What you should do: Nothing outside the range is wanted. Repeat exactly the lines below from the one with "NEW AUTHENTIC Allen" through the one with "Bezos urges consumers".

Extracted material:
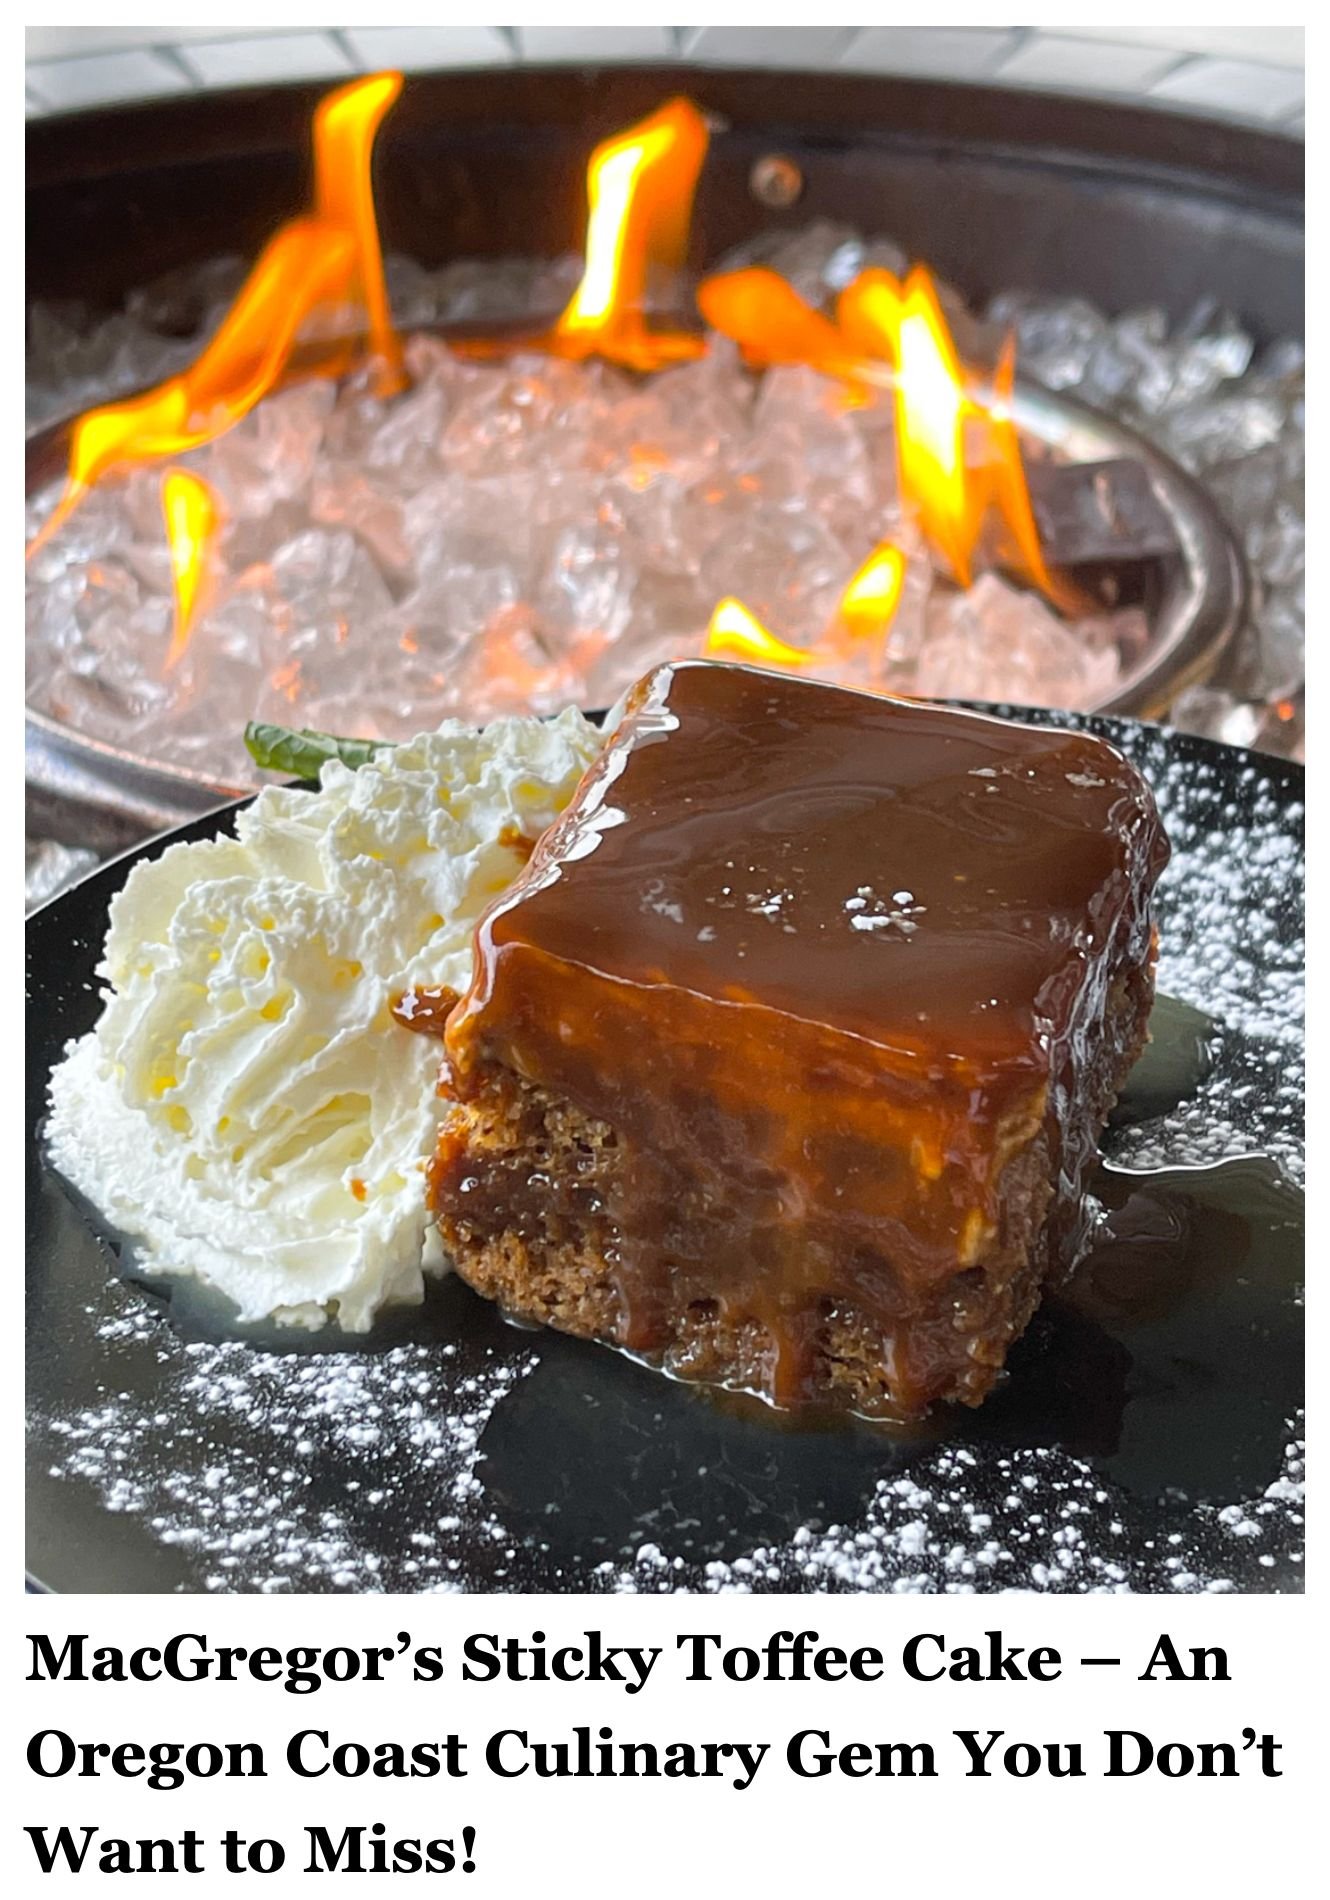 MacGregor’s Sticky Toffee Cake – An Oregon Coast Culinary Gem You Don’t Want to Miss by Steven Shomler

==

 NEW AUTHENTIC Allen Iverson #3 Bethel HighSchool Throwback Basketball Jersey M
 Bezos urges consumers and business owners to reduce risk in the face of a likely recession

Response:
 NEW AUTHENTIC Allen Iverson #3 Bethel HighSchool Throwback Basketball Jersey M
 Bezos urges consumers and business owners to reduce risk in the face of a likely recession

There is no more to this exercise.